Sprachspiele

Beim Spiel mit der Sprache ist stets damit zu rechnen, dass die Sprache, als vorläufiges Resultat aller bisherigen Sprecher und Schreiber, durchaus aktiv mitspielt. Sie fordert schiefe Vergleiche heraus, verleitet zu unangemessenen Übertreibungen, mehr oder weniger gelungenen Zweideutigkeiten, mitunter sogar zu armselig-albernen Wortspielen (von Komikern wie Willy Astor) oder sie lässt Lügen (nicht nur von „Personen des öffentlichen Lebens“) allein schon anhand der Formulierung als solche erahnen. Die Sprache überzeugt eben auch – und nicht zuletzt – in ihrer Rolle als raffinierter Spielverderber.
Was heute richtig ist oder dafür gehalten wird, kann schon morgen falsch sein oder dafür gehalten werden. Und wenngleich diese Plattitüde längst jedem klar sein sollte (oder wenigstens könnte), wird das von Politikern jeglicher Couleur aktuell für richtig Gehaltene gern als die („alternativlos“) einzig mögliche Wahrheit verkündet,  welche die Verkündenden dann, selbstredend (also: sich selbst zuredend…) und um jedweden Zweifel schon im Voraus für unzulässig zu erklären, zusätzlich noch als ihre „feste Überzeugung“ ausgeben.
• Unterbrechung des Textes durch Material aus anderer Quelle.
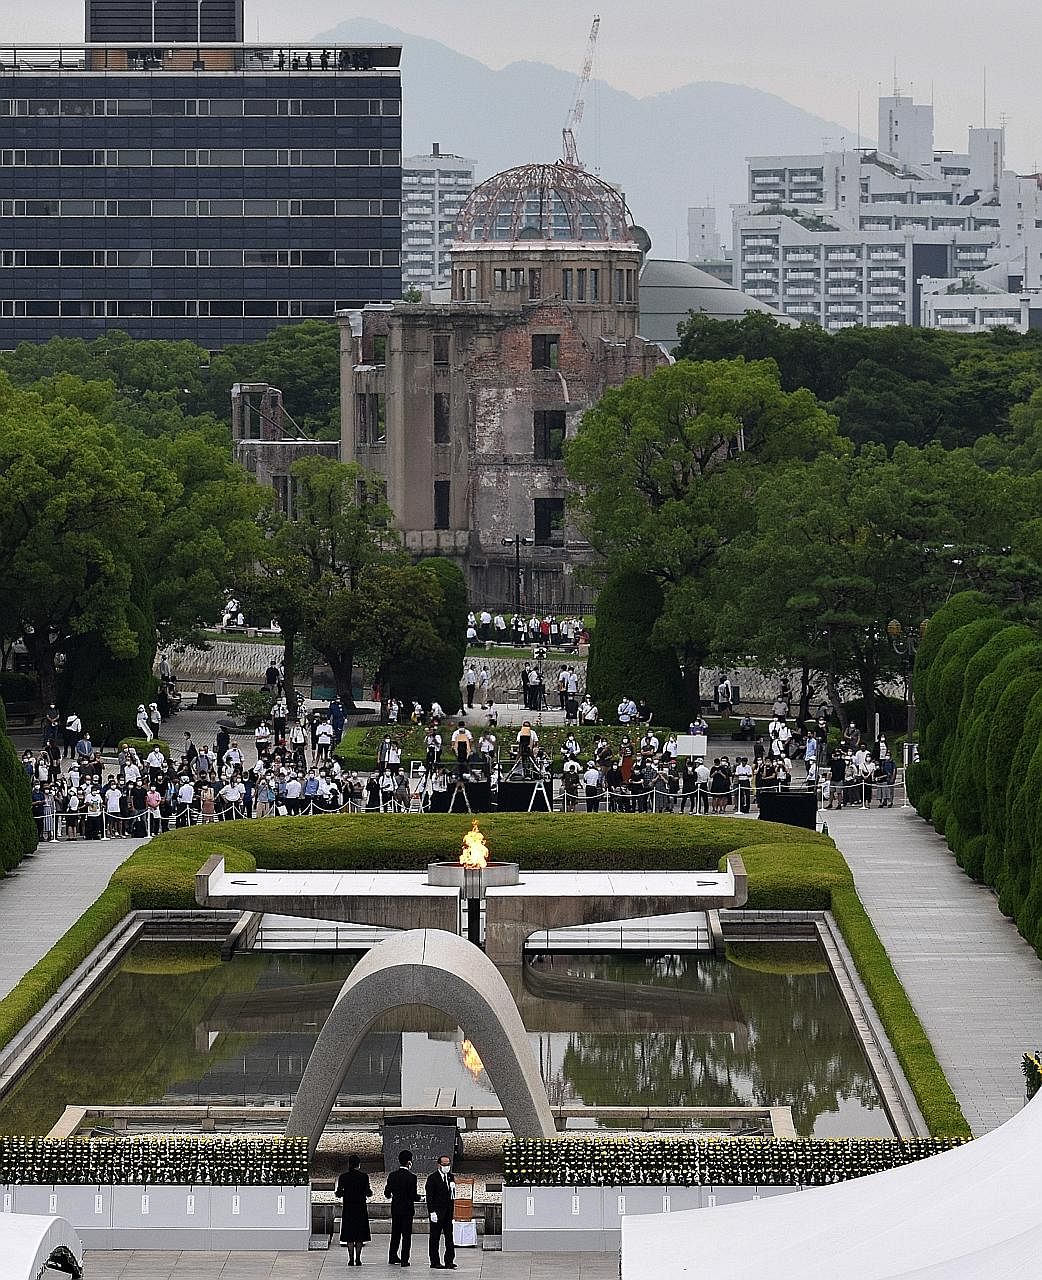 Though thousands usually pack Hiroshima's Peace Park on Aug 6 to pray and offer paper cranes as a symbol of peace, entry this year was limited and only survivors and their families could attend the memorial. PHOTOS: EPA-EFE An elderly woman (above) o

Dass eine „feste Überzeugung“ weder etwas über den Wahrheitsgehalt noch über die Richtigkeit einer Behauptung auszusagen vermag, gerät angesichts der geradezu inflationären „festen Überzeugungen“ im politischen Tagesgeschäft zunehmend aus dem Blickfeld.

Und so kommt es, wie es kommen muss: dass ständig irgendwelche Politiker – mit jedem Recht auf Wahrhaftigkeit – als Lügner oder (Wahl)-Betrüger bezeichnet werden dürfen.

„Wir müssen erkennen, wie die Sprache für sich selbst sorgt.“

(Ludwig Wittgenstein: Tagebücher 1914 – 16, Hervorh. i. Orig.)